To End A War
Some time back, I read an article about the bomb dropped over Nagasaki in August of 1945, in which the writer compared it to the nazi holocaust. On this Memorial Day weekend there are other apparent attempts by a few people, in and out of public office, to kindle blame in need of apologies for a decision that ended the Second World War. For many, the discussion is an academic exercise in self-contrived moral and ethical positioning. For many others, myself included, it is a little more personal than that.
My father was a field artillery officer in the Army’s 98th Division, one of the several divisions scheduled to make the final assault on Japan, code-named Operation Downfall and Operation Coronet. The overall casualty projections were extreme, possibly as many as a million Americans, and Dad said the part of the strategy that included his outfit was pretty much a suicide mission. The ships were loaded and preparing for departure from Hawaii, and my dad’s belongings were on board ready to go. Then, suddenly, the two bombings changed all that.
Hiroshima and Nagasaki are not a comparison to the holocaust, as the writer of that article attempted to posit, but rather a contrast - the difference between a difficult decision by an American leader to defeat an enemy that was not going to surrender under any other conditions, as opposed to a calculated strategy by a Nazi to kill an entire race of people, and others, one person or one roomful at a time after exacting as much suffering as convenient. That writer missed the stark contrast between a premeditated investment of killing innocents in the pursuit of a war, and the inevitable cost of innocents in the struggle to end a war.
Hiroshima and Nagasaki ended the war.
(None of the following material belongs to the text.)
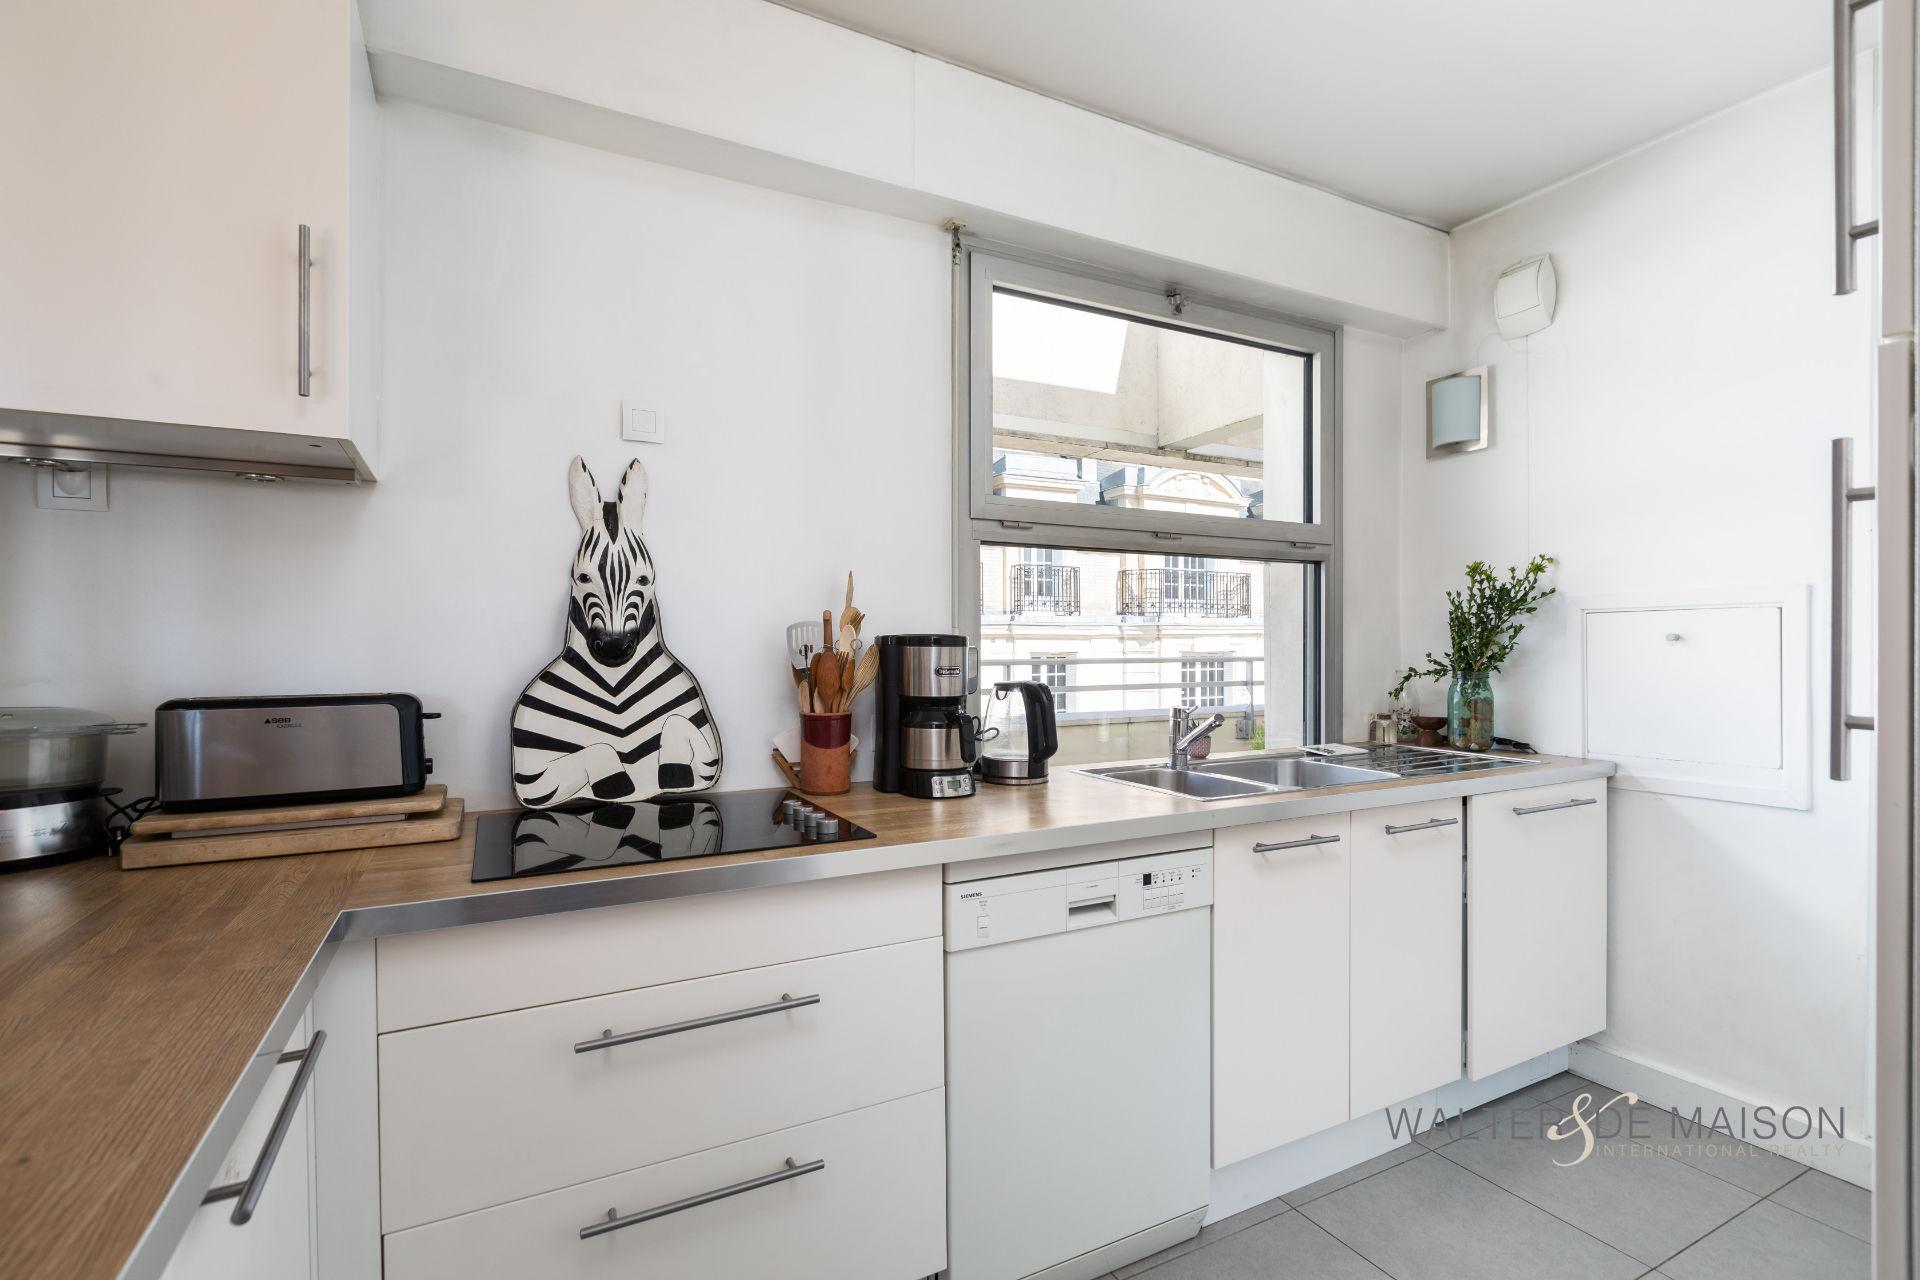 Appartement 4 pièce(s) 74 m²                         92300 LEVALLOIS PERRET

The noncombatants are always the unacceptable cost of war, in those days and now, but wars are nevertheless waged, and innocents nevertheless pay the price. The essential difference is in the driving cause.
Some obliviously choose the self-righteous luxury of believing hard decisions, made by burdened leaders, don't need to be made at all. Those same folks should pause to understand they are free today to speak out, or to act in compassion toward humankind, because of the terrible cost of those decisions.
It is said that the anticipation of Operation Downfall's casualties resulted in, among other things, the production of so many Purple Heart medals, they are still being issued today from that production run.
I'm grateful my dad came home.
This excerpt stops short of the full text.